Mildly shocked, Mom stared at me, assessing the expression in my face, and then she said without hint of conviction in her voice just like she used to do when dealing with me in my youth concerning serious matters: “Ikaw pa …? Kung hindi ko pa alam na layas ka ring katulad ni Samuel at kung saan-saan ka nakakarating noong maliit ka pa … ’yan talaga ang mapapala mo …”. 

Then she burst into her childlike giggle, as she recalled again how my little brother pleaded for his life before Mang Pelis the cop not to throw him into the municipal jail after he was caught the second time cavorting with his three classmates in the water among the posts under the bridge one balmy afternoon, a time when he should be in the classroom putting some sense into his coconut.

“O, tapos … anong nangayari sa’yo nang malunod ka …?” mother asked, now seemed interested in my little revelation.

“Wala, ’Nay … hindi ko na ho matandaan … ang tagal na noon, anuh…?”


 ***


During the 50s this portion of the sea-river where these houses sit nowadays was part of a lumber yard where sawmill dust was dumped and immediately next to it was a thick mangrove forest that spread farther into the backyard of barrio Parang. Picture taken from the present bridge connecting Parang to the poblacion. – Photo by the author.



The beach at baranggay Parang, Jose Panganiban, CamNorte, the Philippines, still clean when this picture was snapped in 2007. This was where a huge fleet of “basnig” (giant motorized outrigger boats) docked in early mornings during summer time in the 60s to unload abundant catch for hauling to Manila. The school where the writer completed his elementary years is still located on mountainside just below the three cell site towers. Right: The Mambulao Bay which feeds brackish water into the mangrove swamp located to the right of the picture and where the bridge described in the story used to stand. The mangrove area was reclaimed during the 70s for a housing project. – Photos by ARNEL P HERNANDEZ, Yukosuka, Japan (2007).


THIS is the Mambulao Bay which feeds brackish water into the mangrove river whose mouth is located on the other end of the beach where a one-way concrete bridge now stands, replacing the two-meter wide bamboo bridge described in the story. The elementary school where the author attended school is located just below the three cell cite towers (Globe, Smart and Sun) erected atop the mountain. The author’s ancestral house in Barrio Parang (right of the picture) is still there, about 500m from the beach. – Photo by ARNEL P HERNANDEZ, Yokosuka, Japan.
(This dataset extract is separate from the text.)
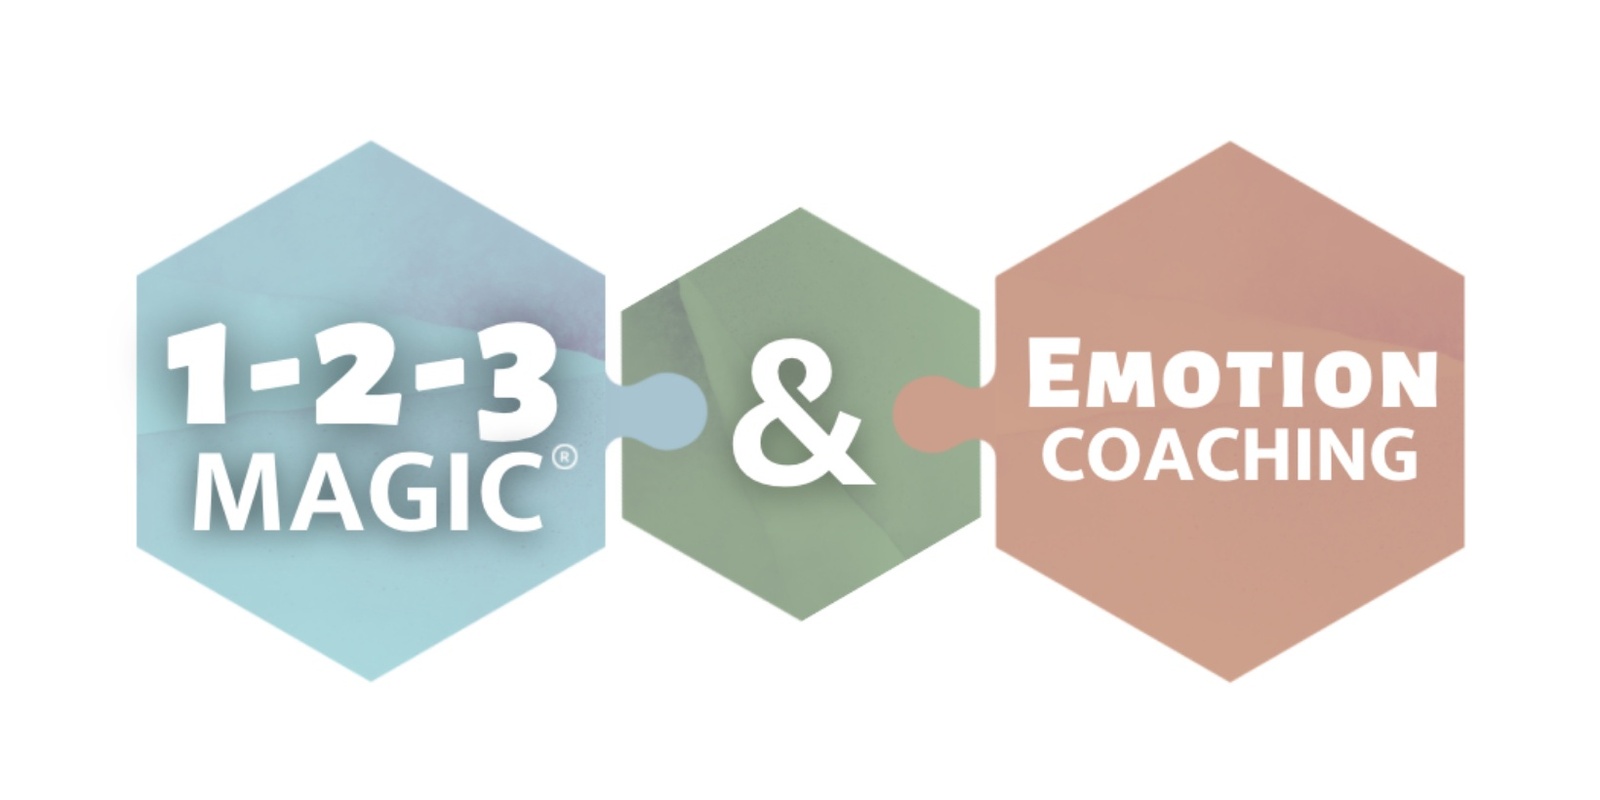 Banner image for 123 Magic & Emotion Coaching Aug/Sep

The poblacion-Parang bridge described in the story. -- Photo by the author.

Mrs Elvira P Hernandez, 85, author’s mother, when she was in Parang last month for a brief vacation. – From family Facebook album


Author's brother Samuel, who just turned 50, is a Telecom Engineer and Senior IT at PLDT- Mandaluyong. - From family Facebook allbum.
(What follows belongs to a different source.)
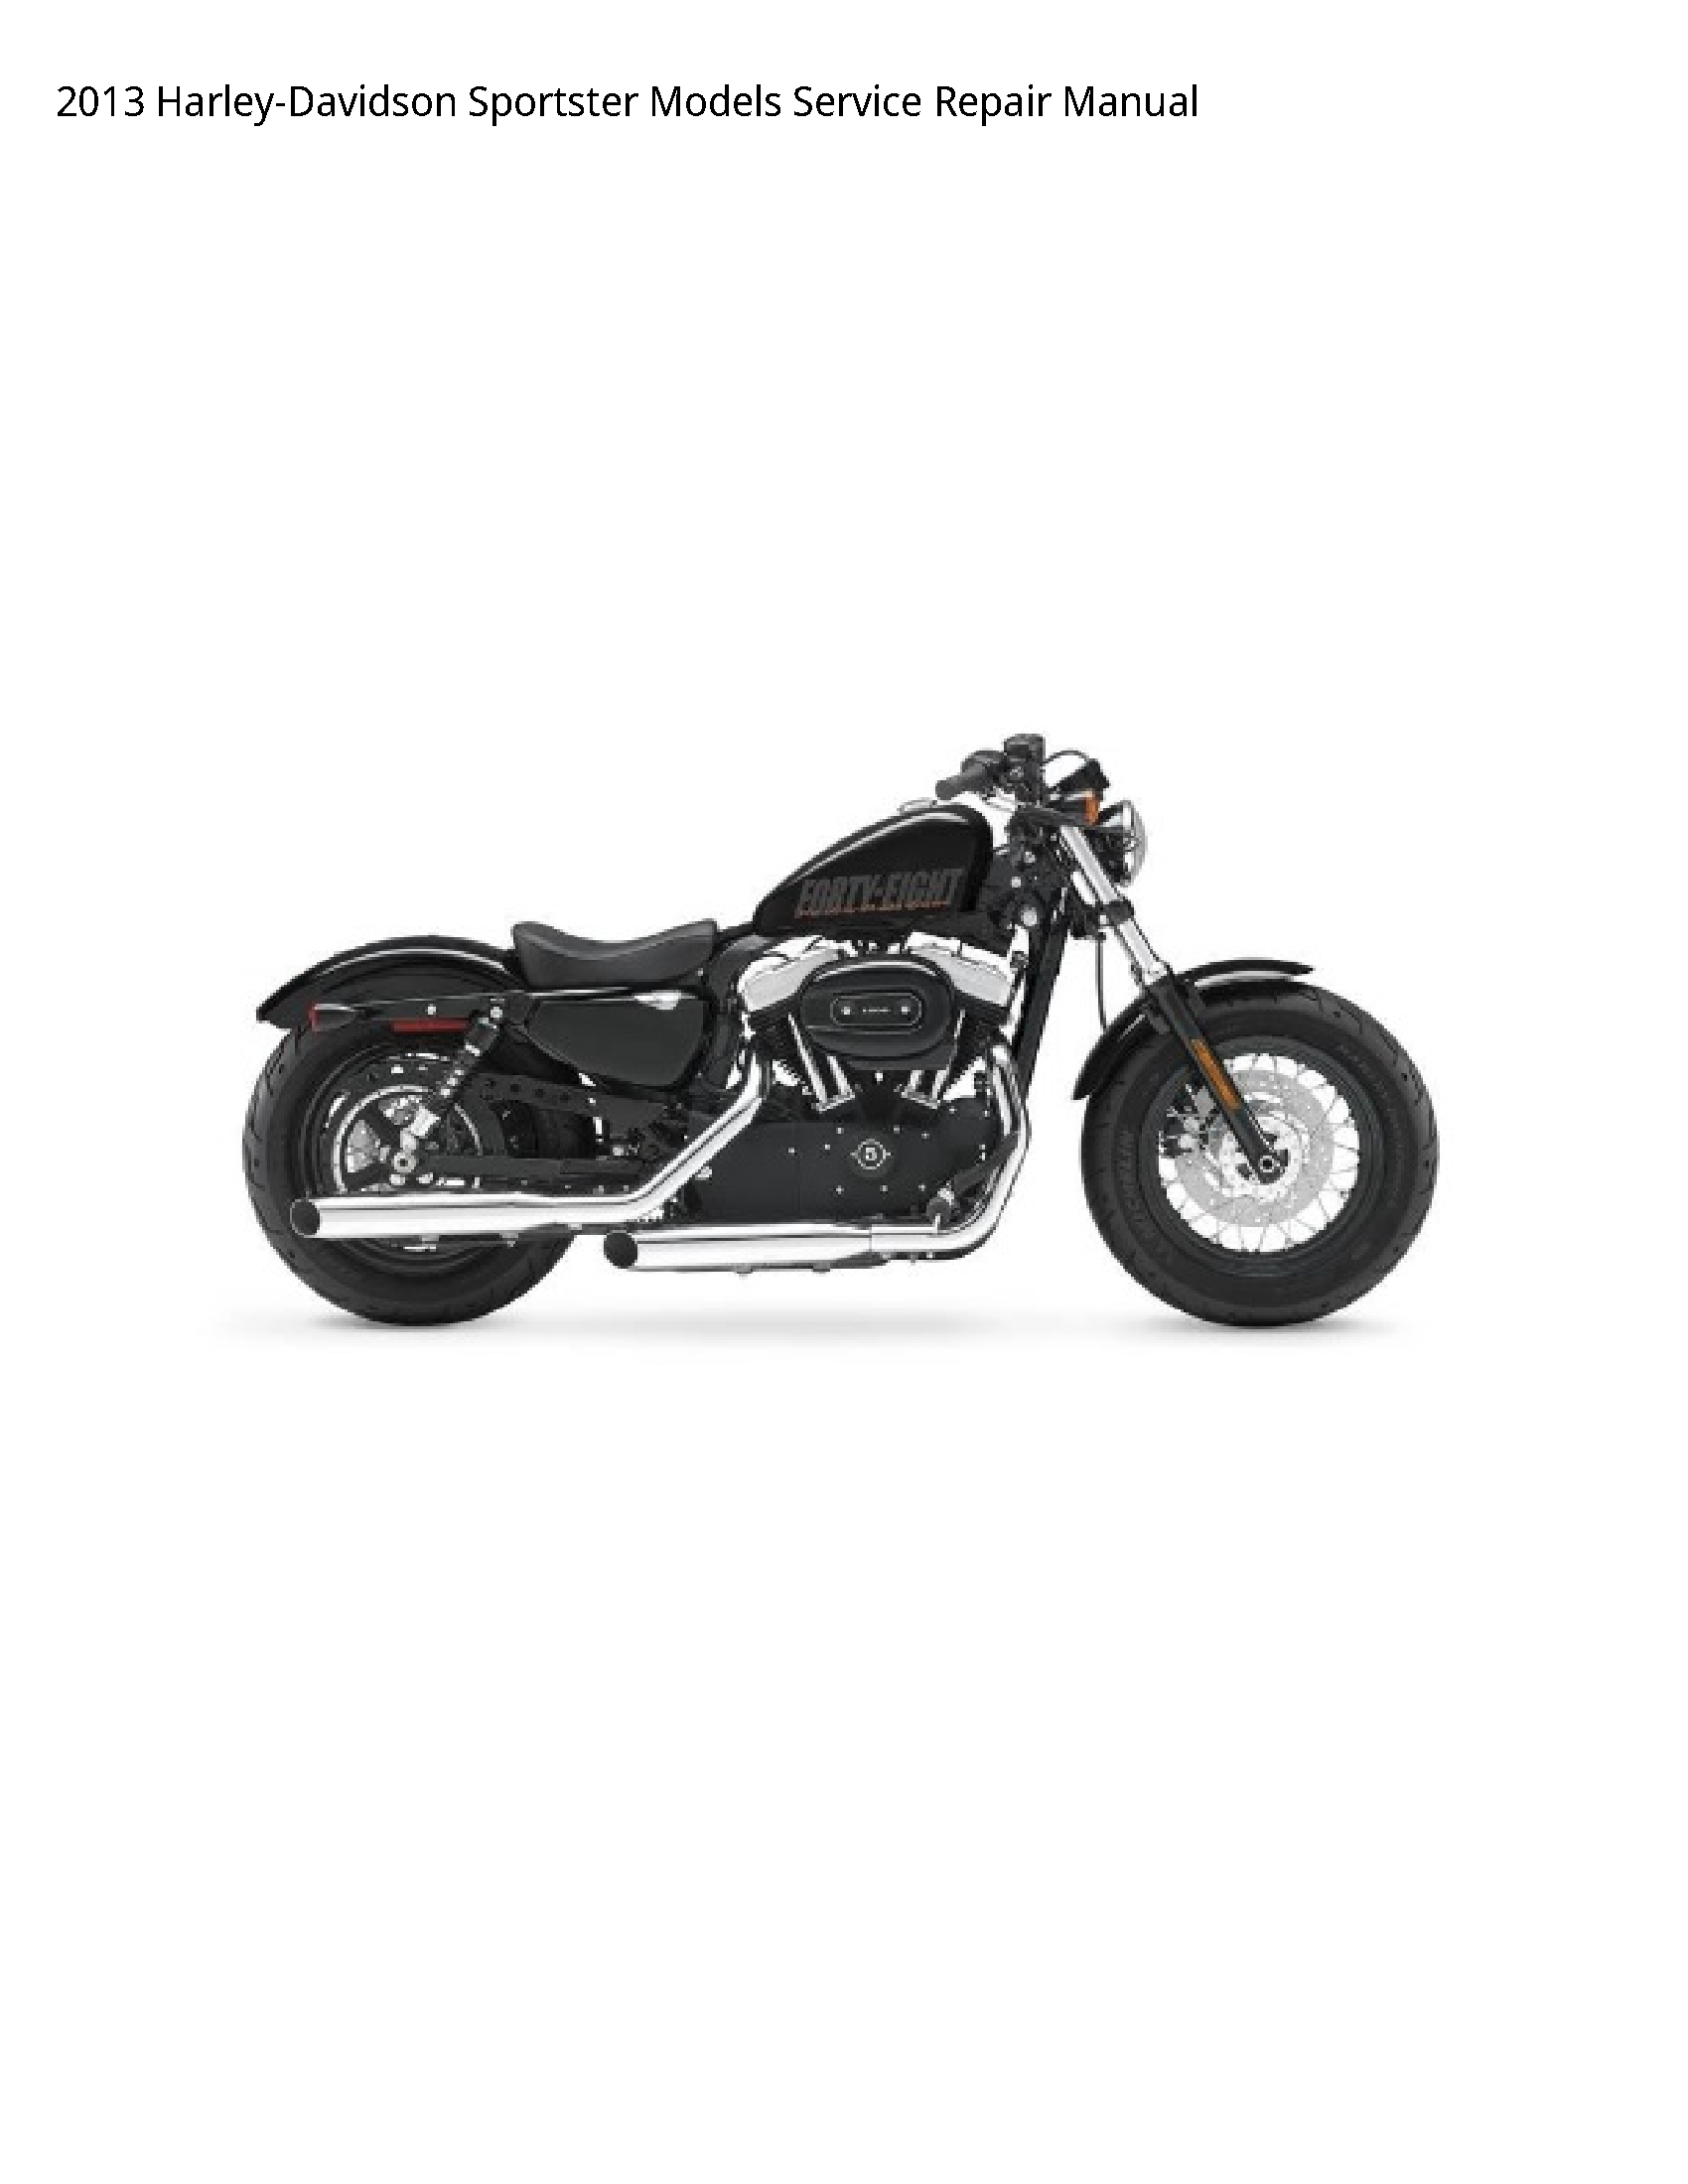 Harley Davidson Sportster manual

The Secret of the Mangrove River is an expanded version of the original story titled A Little Secret, which originally appeared in the text book Anthology of Philippine Literature in English for first year English students at the Philippine School of Business Administration (PSBA)-Quezon City. The anthology was compiled and edited by Prof Ofelia Bugarin and Prof Anita Uy-Hernandez, who has since moved to the Ateneo University in Quezon City for a teaching engagement and to pursue her PhD.